Bagian bawahnya lagi ada content yang disusun seperti 'Live Tiles(2)'. Bagian kanannya ada side bar yang mirip dengan sidebar di windows XP yang menampilkan menu. Categories dengan icon Windows. Archive dengan icon WinRar. Recent Post dengan icon Notepad. Recent Comment dengan icon seseorang yang lagi bicara. Serta sebuah form user login dengan icon User and Group.
Website tersebut memiliki background dedaunan yang sangat segar serta bentuk cursor kupu-kupu. Sesaat setelah loading selesai, muncul sekumpulan kupu-kupu yang mengikuti kemanapun cursor tersebut pergi.
"Keren" Gumam Hinata. Sasuke hanya tersenyum kecil melihat Hinata.
"Kau seorang web designer ?" Tanya Hinata tidak percaya. Sasuke hanya tersenyum.
"Tidak. Aku hanya membuat theme untuk beberapa CMS terkenal. Lalu kujual" Kata Sasuke enteng. Hinata cengo mendengar ucapan Sasuke.
"Hoy...! Niat jaga atau niat pacaran sih" Bentak seseorang yang sepertinya sudah selesai urusannya dengan si komputer. Wajah Hinata langsung memerah. Sedangkan Sasuke masih tetap cool.
Minggu demi minggu Sasuke lewati dengan sangat riang gembira. Dia sudah sangat akrab dengan Hinata sampai-sampai Hinata rela meminjamkan komputer operator pada Sasuke.
"Penuh, Hinata ?" Tanya Sasuke pada Hinata ketika dia baru saja melangkahkan kakiknya memasuki cafe tersebut.
"Iya, Sasuke-kun. Mau main disini ?" Tawar Hinata sambil menyediakan tempat untuk Sasuke.
"Gak usahlah. Kau pakai sajalah" Kata Sasuke dengan halus sambil merebahkan tubuhnya disamping Hinata. Hinata hanya tertawa kecil.

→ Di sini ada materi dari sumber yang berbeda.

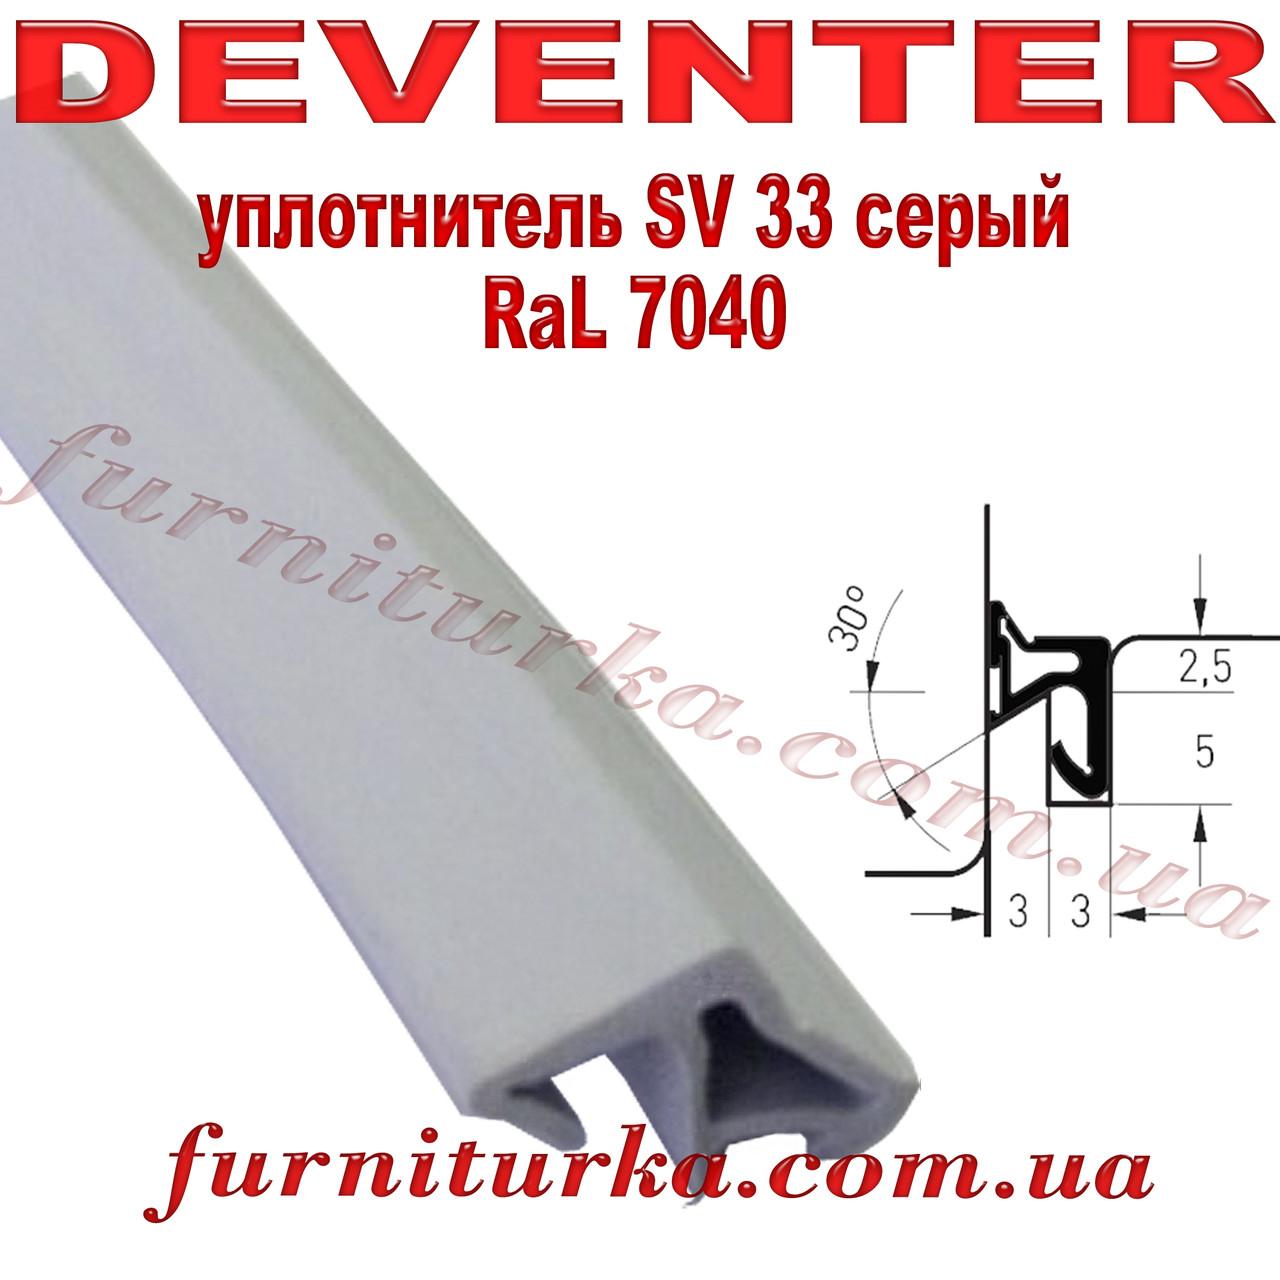 Уплотнитель оконный Deventer SV 33 серый RaL 7040

"Mengapa Sasuke-kun kerja sambilan ? apa orang tua Sasuke-kun tidak mampu ?" Tanya Hinata.
"Aku hanya ingin mandiri saja" Kata Sasuke. Meskipun Sasuke merupakan putra dari seseorang yang cukup terpandang, tapi dia tidak pernah membangga-banggakan kedudukannya. Dia selalu menabung setiap hari. Uang sakunya selalu tersisa minimal separuhnya untuk ditabung.
"Kamu sendiri ? Apakah tidak sekolah ?" Tanya Sasuke. Hinata hanya tersenyum kecil.
"Huh...! Mau bagaimana lagi, orang tuaku meninggal karena kecelakaan setahun lalu. Terpaksa aku harus putus sekolah dan mengurus cafe peninggalan ayah ini" Kata Hinata sembil tersenyum pahit. Sasuke ikut tersentuh hatinya.
"Tenanglah, semuanya pasti beres" Kata Sasuke sambil tersenyum kearah Hinata. Wajah Hinata memerah melihat senyum Sasuke.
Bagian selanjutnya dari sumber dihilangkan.